Conda will always tell you what environment you are currently in, indicated by the (env_name) in the prompt. By default, it will always start in the (base) environment.
Try creating a new virtual environment. Make sure that it is called my_environment and that it installs version 3.11 of Python. What command should you execute to do this?

Use Python 3.8 or higher

We recommend using Python 3.8 or higher for this course. Generally, using the second latest Python version (currently 3.12) is advisable, as the newest version may lack support from all dependencies. Check the status of different Python versions here.
Solution
```
conda create --name my_environment python=3.11
```
Which conda command gives you a list of all the environments that you have created?
Solution
```
conda env list
```
Which conda command gives you a list of the packages installed in the current environment?
Solution
```
conda list
```
1. How do you easily export this list to a text file? Do this, and make sure you export it to a file called environment.yaml, as conda uses another format by default than pip.
  Solution
```
conda list --explicit > environment.yaml
```
2. Inspect the file to see what is in it.
3. The environment.yaml file you have created is one way to secure reproducibility between users because anyone should be able to get an exact copy of your environment if they have your environment.yaml file. Try creating a new environment directly from your environment.yaml file and check that the packages being installed exactly match what you originally had.
  Solution
```
conda env create --name <environment-name> --file environment.yaml
```
As the introduction states, it is fairly safe to use pip inside conda today. What is the corresponding pip command that gives you a list of all pip installed packages?

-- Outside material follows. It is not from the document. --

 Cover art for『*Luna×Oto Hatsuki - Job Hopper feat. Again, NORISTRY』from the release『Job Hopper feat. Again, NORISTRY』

And how do you export this to a requirements.txt file?
Solution
```
pip list # List all installed packages
pip freeze > requirements.txt # Export all installed packages to a requirements.txt file
```
If you look through the requirements that both pip and conda produce, you will see that they are often filled with a lot more packages than what you are using in your project. What you are interested in are the packages that you import in your code: from package import module. One way to get around this is to use the package pipreqs, which will automatically scan your project and create a requirements file specific to that. Let's try it out:
1. Install pipreqs:
```
pip install pipreqs
```
2. Either try out pipreqs on one of your own projects or try it out on some other online project. What does the requirements.txt file that pipreqs produces look like compared to the files produced by either pip or conda?

🧠 Knowledge check

Try executing the command
```
pip install "pytest < 4.6" pytest-cov==2.12.1
```
based on the error message you get, what would be a compatible way to install these?
Solution

As pytest-cov==2.12.1 requires a version of pytest newer than 4.6, we can simply change the command to be:
```
pip install "pytest >= 4.6" pytest-cov==2.12.1
```
but there of course exist other solutions as well.

This ends the module on setting up virtual environments. While the methods mentioned in the exercises are great ways to construct requirement files automatically, sometimes it is just easier to sit down and manually create the files, as you in that way ensure that only the most necessary requirements are installed when creating a new environment.